Некоторые интерпретировали истекший срок "послушничества", или испытательного срока, как указание на физическую капитуляцию Шарлотты;42 И все же он написал ей шесть лет спустя: "Дорогая Лотта, ты не знаешь, какое насилие я совершил над собой и продолжаю совершать, и как мысль о том, что я не обладаю тобой... изнуряет и поглощает меня".43 Если же брак и состоялся, то тайна хранилась хорошо. Барон фон Штайн, который умер только в 1793 году, относился к этой связи с учтивостью джентльмена XVIII века. Иногда Гете заканчивал свои письма словами "С уважением к Штейну".44
Он научился любить и ее детей, все острее ощущая нехватку своих собственных. Весной 1783 года он уговорил ее разрешить десятилетнему мальчику Фрицу оставаться с ним надолго и даже сопровождать его в дальних поездках. Одно из ее писем к Фрицу (сентябрь 1783 года) показывает ее материнскую сторону и человеческие сердца, скрытые за дегуманизированным фасадом истории:
Я так рада, что ты не забываешь меня в прекрасном мире и пишешь мне сносные, хотя и не очень хорошо оформленные письма. Поскольку вы задерживаетесь здесь гораздо дольше, чем я ожидала, боюсь, что ваша одежда будет выглядеть не лучшим образом. Если они испачкаются, и ты тоже, скажи тайному советнику Гете, чтобы он бросил моего дорогого маленького Фрица в воду. ...Постарайтесь оценить свою удачу и сделайте все возможное, чтобы понравиться советнику своим поведением. Ваш отец желает, чтобы о вас помнили.45
К 1785 году страсть Гете утихла и превратилась в долгое молчание. В мае 1786 года Шарлотта жаловалась, что "Гете много думает и ничего не говорит".46 Ей было уже сорок четыре, ему - тридцать семь, и он уходил в себя. Он часто ездил в Йену, чтобы уединиться от веймарского двора и поискать омоложения среди студентов. Он всегда освежался на природе, поднимался на Брокен (вершина высотой 3 747 футов в горах Гарц, давно связанная с легендой о Фаусте) и путешествовал с герцогом по Швейцарии (с сентября 1779 по январь 1780 года). Иногда, оглядываясь назад, он чувствовал, что "за первые десять лет моей официальной и придворной жизни в Веймаре я почти ничего не добился".47 в литературе и науке. Но хорошо, что поэт скрестился с администратором, а полуиспуганного юношу и неверного любовника дисциплинировали служебные обязанности и отсрочка любовных побед. Он использовал каждый опыт и рос с каждым поражением. "Самое лучшее во мне - это глубокая внутренняя неподвижность, в которой я живу и развиваюсь, несмотря на мир, и благодаря которой я обретаю то, чего мир никогда не сможет у меня отнять".48 Ничто не было потеряно для него; все находило выражение в его произведениях; в конце концов, он был всем лучшим из интеллектуальной Германии, слитым в единое целое.

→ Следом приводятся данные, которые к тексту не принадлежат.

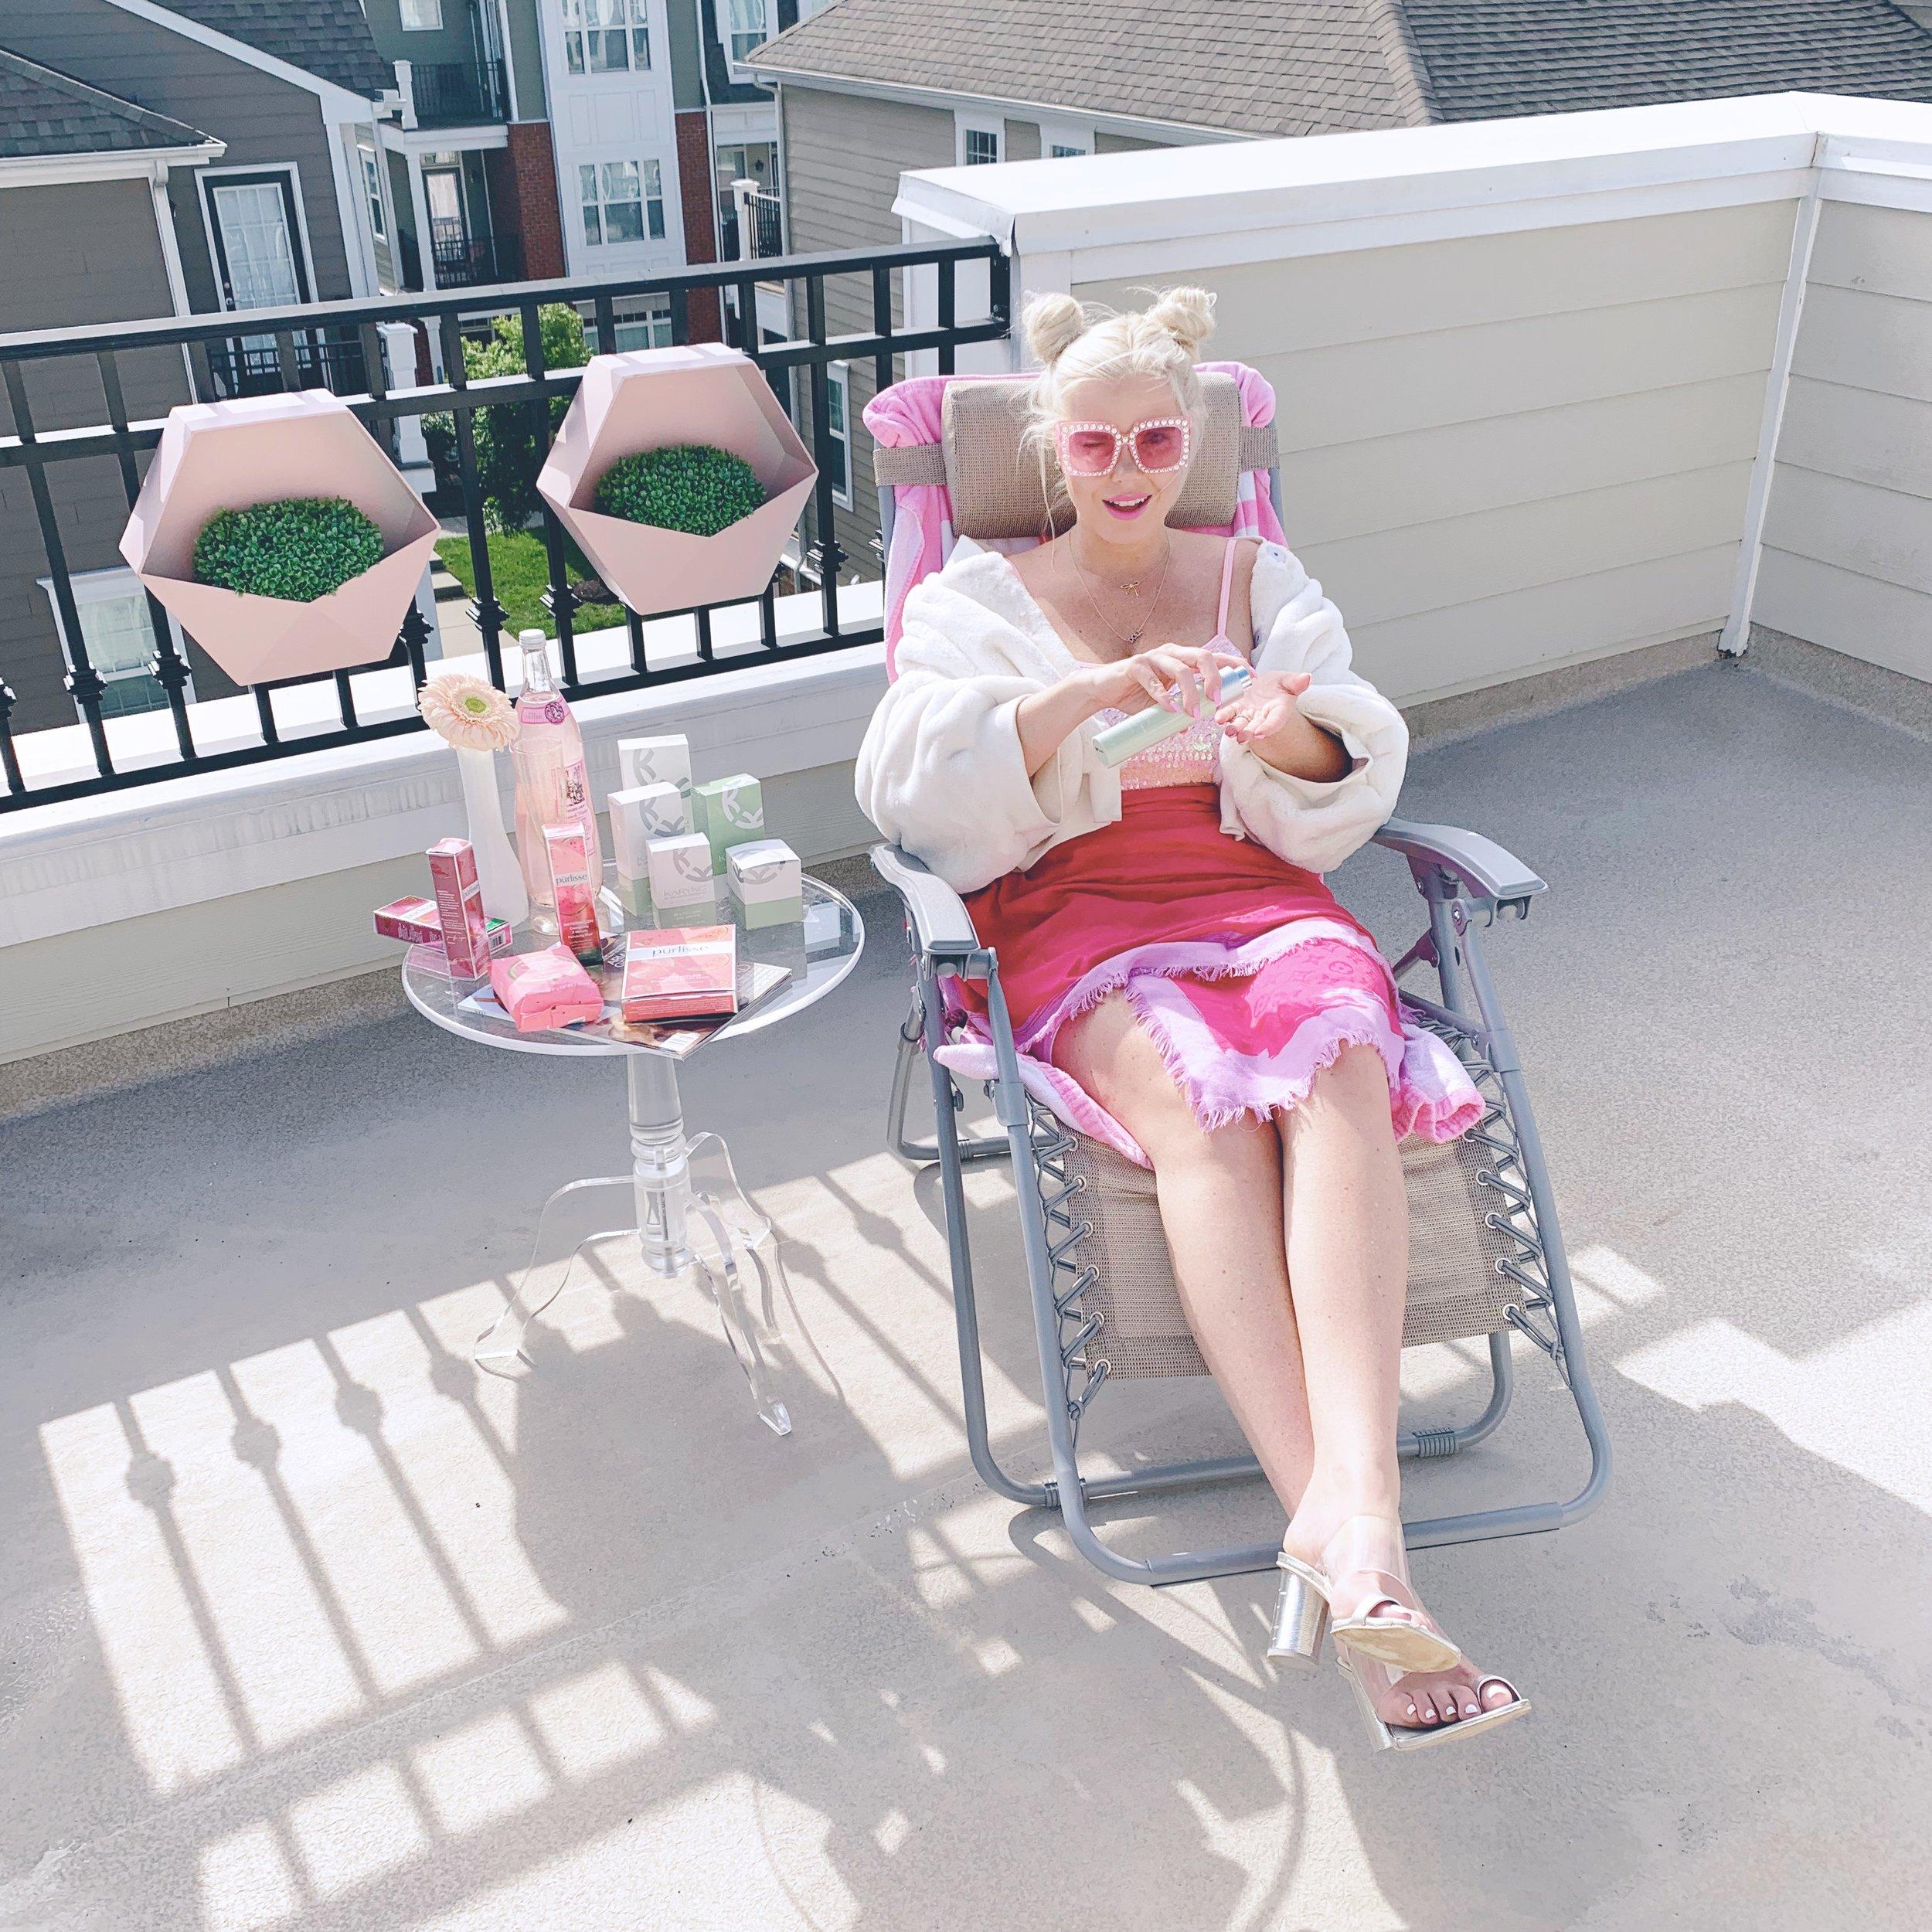 the-caroline-doll-blog-self-care-day-2019-karyng-purlisse..JPG

К этому периоду относятся два его величайших стихотворения: соединение философии и религии, поэзии и прозы в "Натуре" и самая совершенная лирика - вторая из тех, что называются "Ночь странников", которую он вырезал на стенах охотничьего домика 7 сентября 1780 года,49 возможно, в состоянии беспокойной тоски:
За чужой Гипфельн
1-я Рух;
В чужих випфелнах
Проведите ду
Kaum einen Hauch;
Die Vögelein schweigen im Walde.
Warte nur! Balde
Руст ду аух.
На всех вершинах холмов
теперь тихо;
На
всех вершинах деревьев
едва слышно дыхание;
Птицы спят на деревьях.
Подожди: скоро и
ты отдохнешь
, как они
.50
К этой стадии развития относится и другая знаменитая лирика Гете: мрачный "Эрлкёниг", положенный Шубертом на музыку. Когда детское ощущение мистических существ, пронизывающих природу, было выражено ярче, чем в этой стремительной фантазии умирающего ребенка, который видит "короля эльфов", пришедшего вырвать его из рук отца?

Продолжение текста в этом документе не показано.